When I was packing up my tools, I noticed that my thumb was really hurting. When I took off my glove, I noticed a small red blood spot and blood in my glove. I called my boss and told him I needed to get my thumb checked out. After going to urgent care, the doctor showed me the x-ray and clear as day, a hole was right in the middle of my bone. If I had been wearing the proper P.P.E (Leather) Gloves I would’ve had no trouble.
The next incident occurred a few years later. I was working at a job site sawing some concrete floors. It turns out that the floor had electrical wiring right under where I was sawing. My blade hit the wires, and a current flew straight through me. Luckily, I was wearing rubber boots and gloves and was grounded because of it. I was fine, but the concrete was sparking and shooting out flames!
Those two events showed me first-hand just how important the proper safety equipment can be. It made me realize that, even with modern day protection, things can go wrong, but the simplest of things, like the right gloves or boots, can make the difference between life and death.
What do you want everyone to know about safety?

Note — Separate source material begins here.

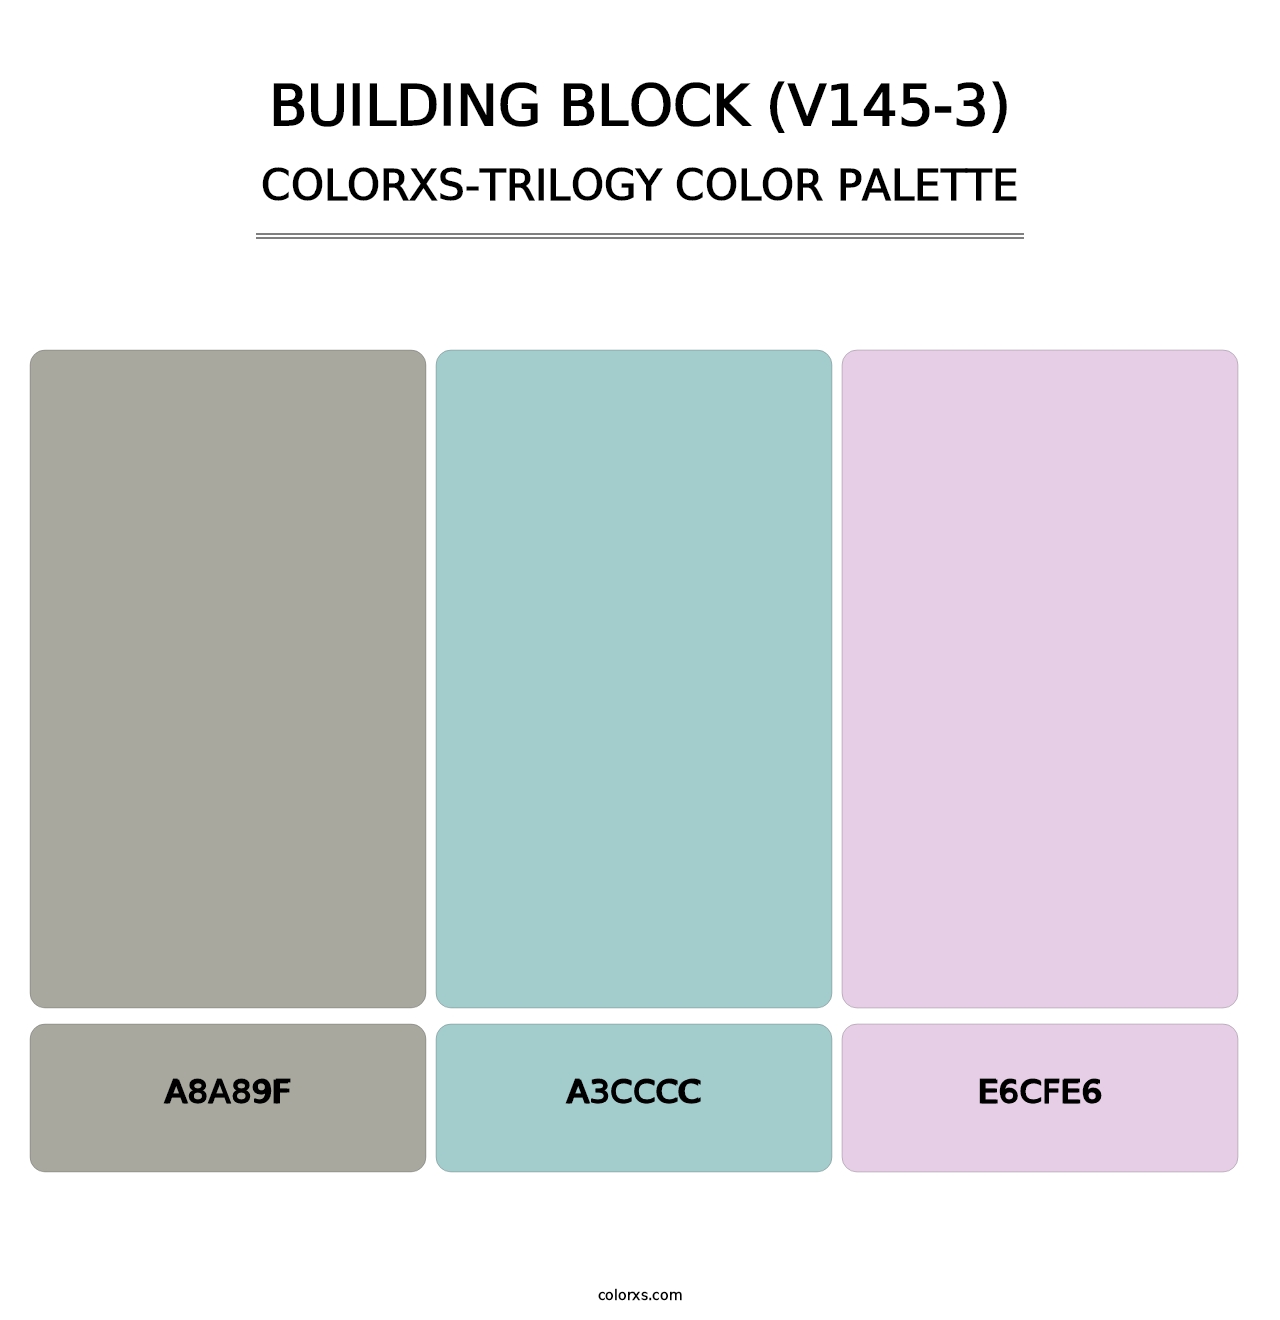 Building Block (V145-3) - Colorxs Trilogy Palette

Safety is more than a position, a saying, or a process – it’s EVERYTHING. Safety impacts more than just the person working at a site. It protects families, companies, coworkers, and friends from a potentially devastating outcome. I always tell our teams – “You’re not being safe only for you… you’re being safe for your family and your friends.”
What’s your superpower?
My safety superpower is relatability. I’ve been on every side of the safety equation. I’ve been out in the field for most of my career, wearing the PPE gear and protecting myself as a worker. I’ve been on the training side, demonstrating safety gear, and teaching proper use. Because of my first-hand experience, I can speak directly to my team as a peer, as someone that’s been there and experienced how the simplest safety protocol can make the biggest impact.
That understanding and experience ensure that my team and I work really well together. They know I’ve been there, and that I’m only telling them to do something that I’ve done myself. I would never have someone do something that I wouldn’t do, or haven’t done, myself.